A Jupyter notebook is made up of a number of cells. Each cell can contain Python code. There are two main types of cells: `Code` cells and `Markdown` cells. 

#### Code cells
Code cells are used to write and execute code. To create a new code cell, click the "+ Code" button in the toolbar or when hovering over the bottom of another cell with your mouse.
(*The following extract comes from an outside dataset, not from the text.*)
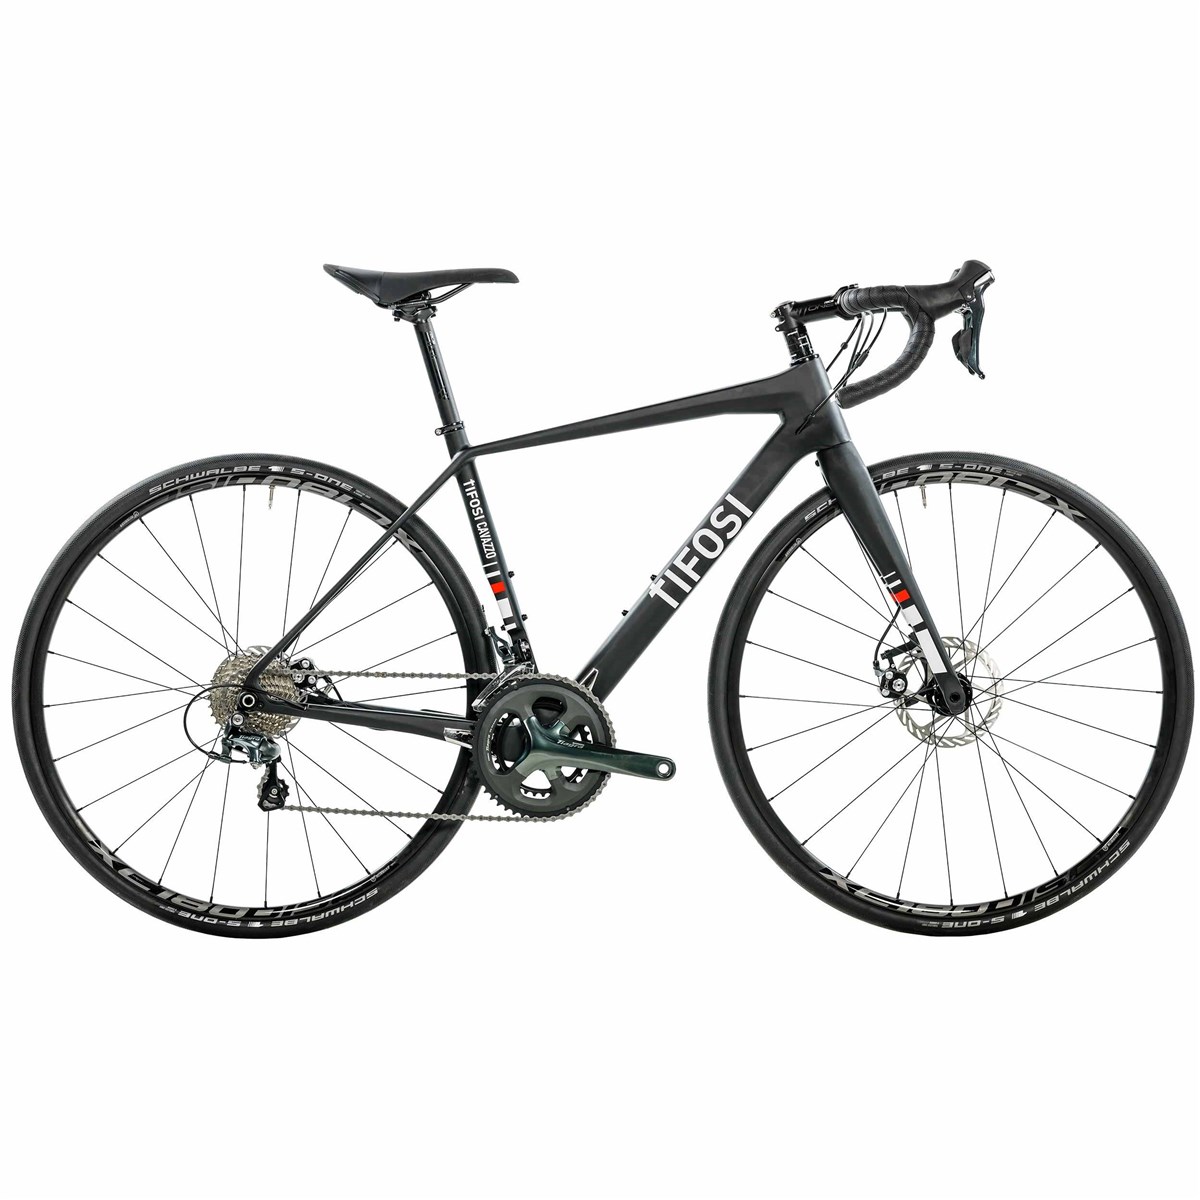 Tifosi Cavazzo Carbon Disc Tiagra 2017 - Road Bike product image
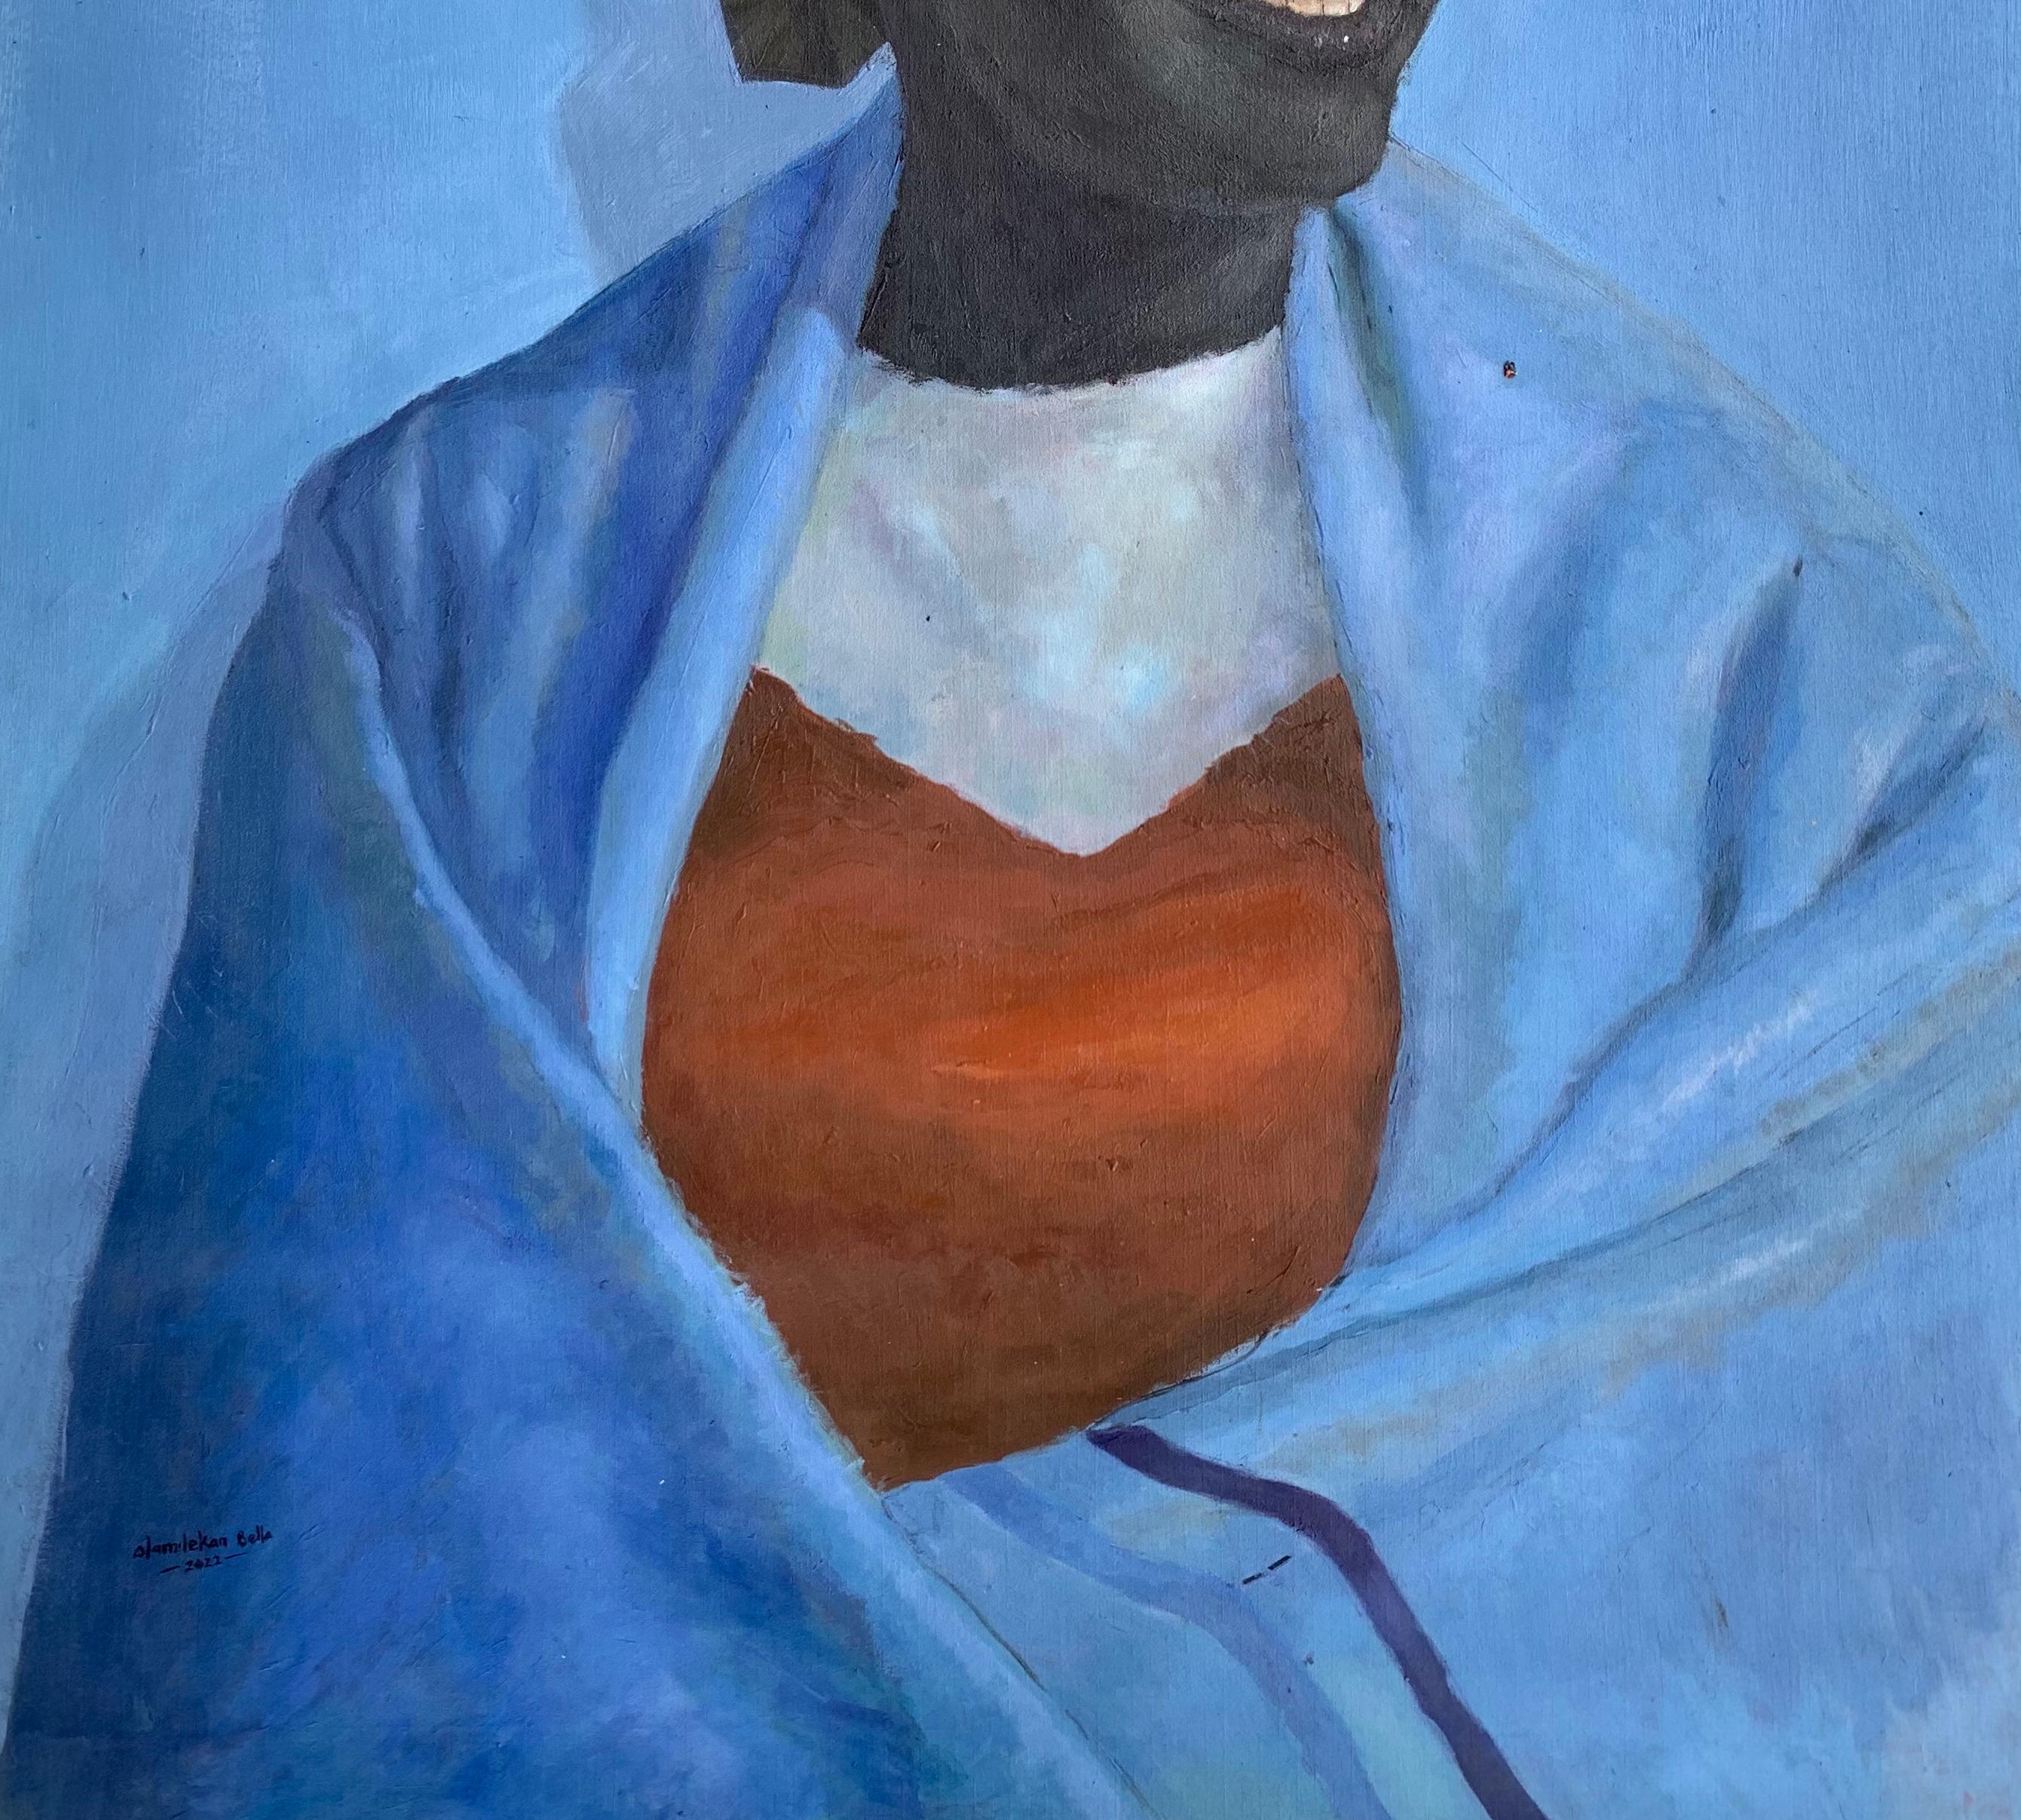 Blaues Handtuch 1 (Expressionismus), Painting, von Olamilekan Bello

To run a code cell, select the cell and click the _play_ button on the top left corner of the cell or press "Shift + Enter" on your keyboard. To run multiple cells at once, you can use the "Runtime" selection on the toolbar. The output of the last line of the code cell will be displayed below the cell.

In [None]:
x = 4
x * 1.2

Once a cell ran, the changes to the variables are stored. So we can now change the value of _x_ by using the variable in the next cell

In [None]:
x = x * 2 
x

The order in which the cell are executed in the notebook does matter, if we were to execute the cell below we would get 5 as an answer, if we just excuted the first two cells. If after executing the first two cells we executed the first cell again we would get 1 as an answer as the value of _x_ was reset to 4. Go give it a try

In [None]:
x - 3

#### Markdown Cells
Markdown cells are used to write formatted text, such as headings, lists, and links. This is an example of a markdown cell. The markdown cells can be created in a similar way as code cells. The markdown cells can be used to write comments on your code and make your notebook more structured and understandable for others.

### Preparation

At the beginning of each notebook, we have a short preparation section. This section will do two things. First of all it will loads all the necessary packages or download and install them. Secondly it will also download and extract the data we are going to use during the tutorial.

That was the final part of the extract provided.